Dr. Gordon A. Francis
Project Title: The role of smooth muscle cell metabolism of amyloid beta in cerebral amyloid angiopathy
Co-funding partner: Alzheimer Society of Canada
Grant Duration: 2019-2021 (two years)
Lay Summary:
The research goal of this project is to understand how the harmful protein, amyloid beta, deposits in blood vessels of the brain, leading to dementia.
A key change in the brains of individuals with Alzheimer’s and other forms of dementia is the accumulation of amyloid beta in arteries, in regions normally occupied by smooth muscle cells, the main cell type in arteries.
This research will examine why smooth muscle cells have difficulty breaking down this protein compared to other brain cells, microglial cells. This study will be conducted by using smooth muscle and microglial cells in dishes and using sections of brain tissue donated from autopsies of patients who did or did not have dementia. By understanding why smooth muscle cells fail to degrade this harmful protein it is hoped that this can be prevented to reduce the incidence of Alzheimer’s and other dementias.
Final Report(s):
What did we learn?
Leakage of blood vessels in the brain due to build up the protein amyloid beta is thought to be a significant cause of dementia in both Alzheimer’s disease and vascular dementia. In the blood vessels there is loss of smooth muscle cells (SMCs), the main cell type in arteries, and replacement of these cells by the amyloid beta protein, which is thought to lead to the leakiness. We posed the hypothesis that SMCs have a defect in their ability to take up and remove amyloid beta when compared to the major “garbage removal” cell type in brain, a form of white blood cell called microglial cells. Our research supported by the CLEAR Foundation has found that SMCs have a defect in the ability to take up amyloid beta, and a defect in their ability to move amyloid beta to sites of degradation within the cell, when compared to the microglial cells that are capable of performing these processes. We believe that these defects lead to accumulation of amyloid beta around the SMCs, which ultimately leads to death of the SMCs. Further experiments are being performed to confirm these results for publication.

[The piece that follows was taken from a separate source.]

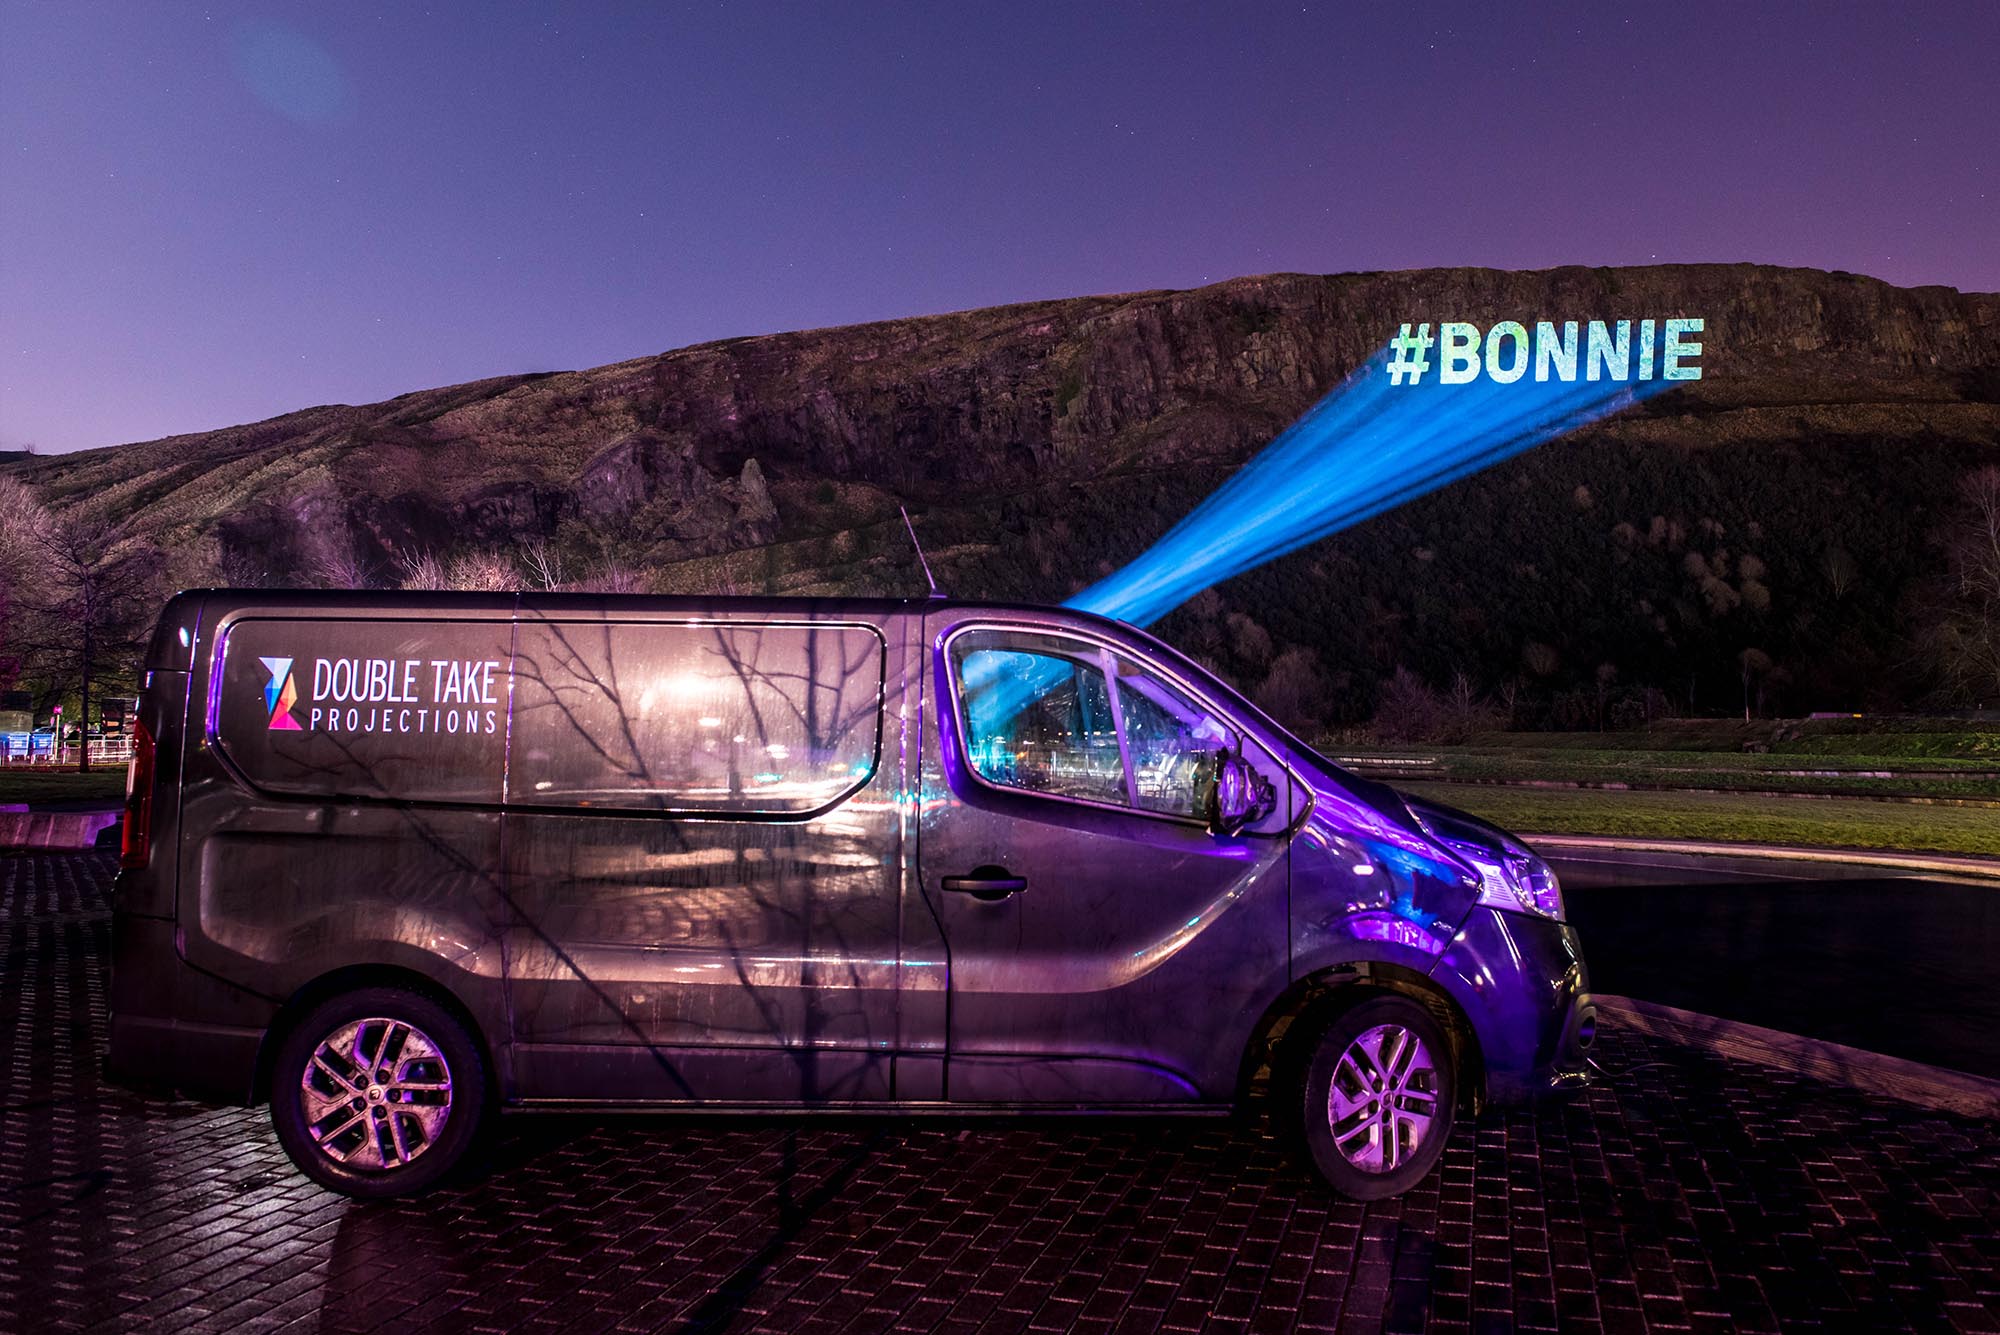 Torchlight Procession Projections, #bonnie beamed on Edinburgh Crags
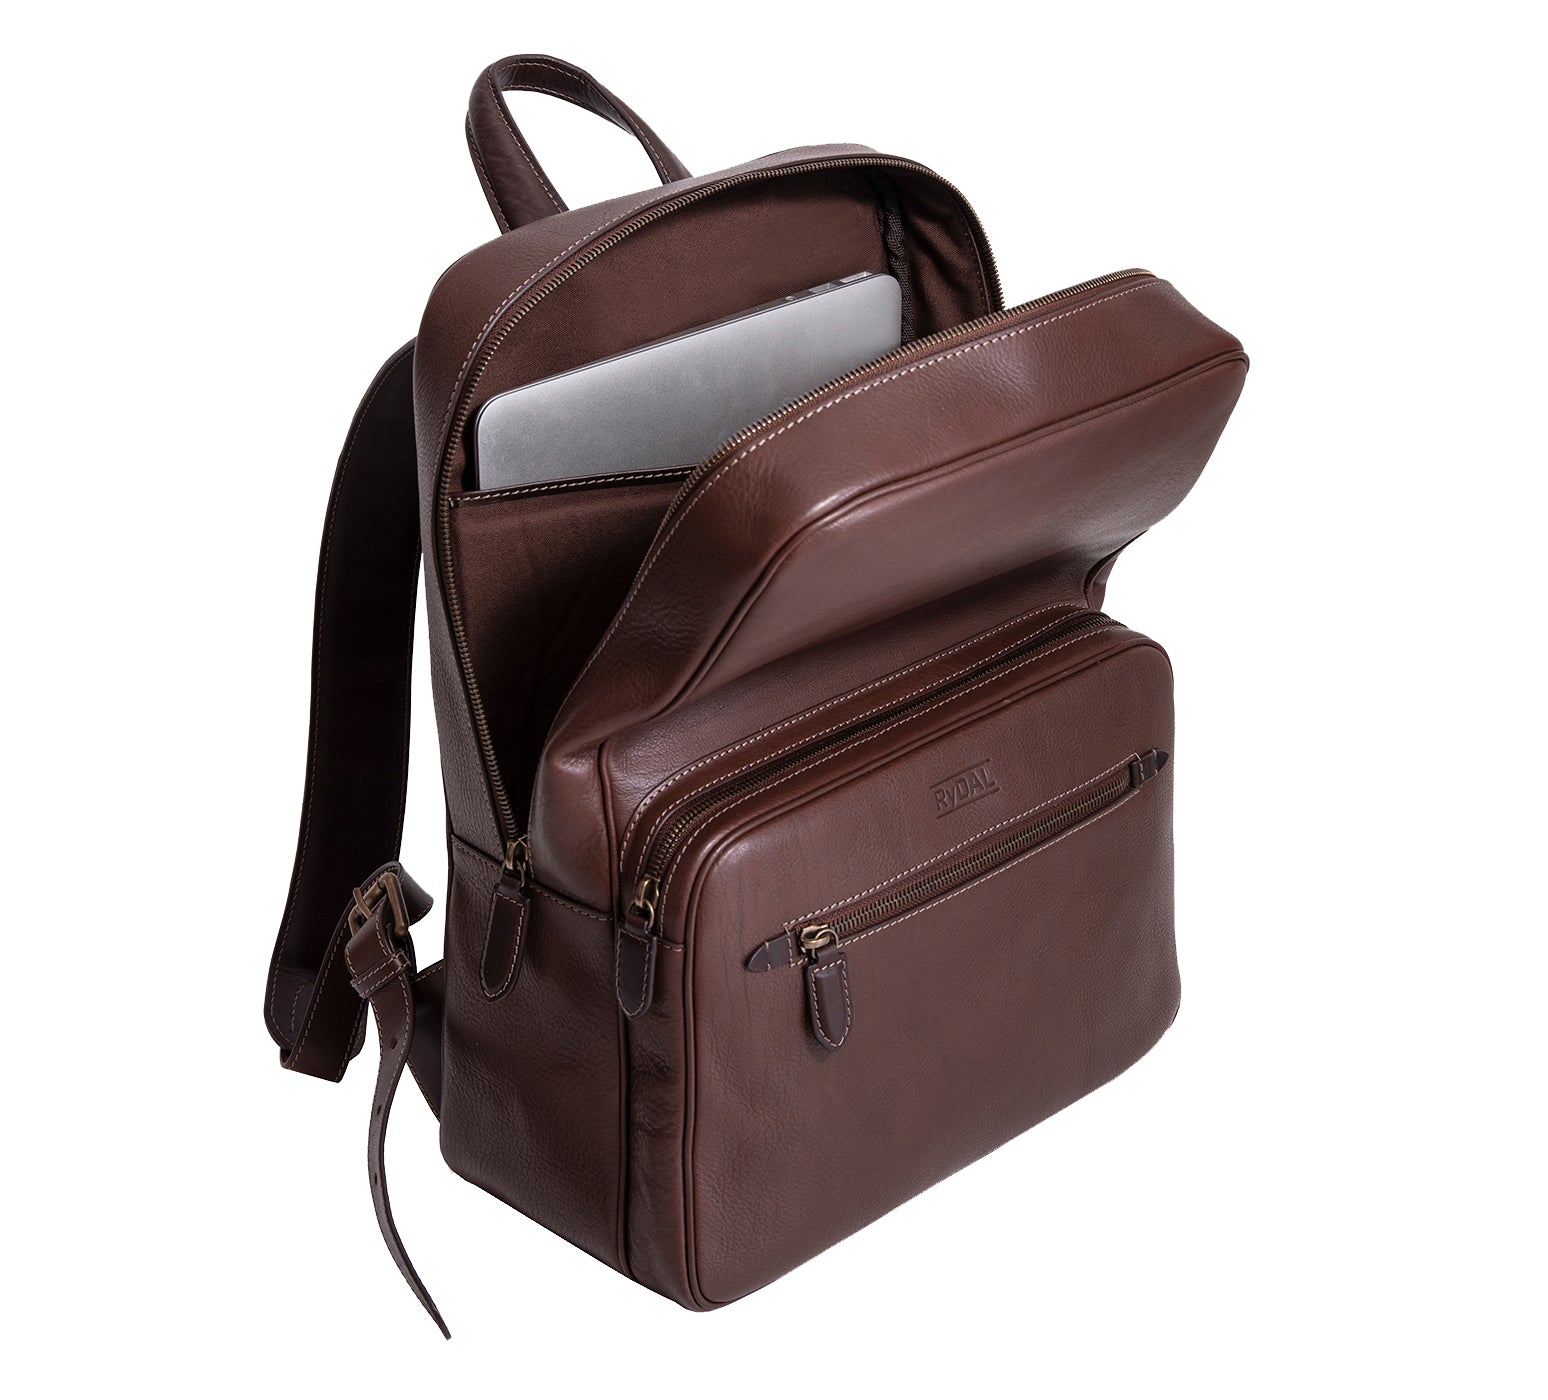 The Henley Mens Leather Backpack from Rydal in 'Dark Brown' open.

Why is this knowledge important?
We believe these results provide a major clue as to how the loss of brain artery SMCs occurs, leading the leakiness of brain blood vessels that is one of the causes of loss of brain function in Alzheimer’s Disease and vascular dementia. By identifying this defect it opens up a new pathway to attempt to reduce amyloid collection around the SMCs, or to discover novel treatments that would increase amyloid beta removal by brain SMCs.
What are the next steps?
We will confirm our results with further cell culture experiments prior to submitting these findings for publication. An additional line of studies would be to determine the relative toxicity of increasing concentrations of amyloid beta on SMCs in culture and the time course of this toxicity (hours, days, weeks).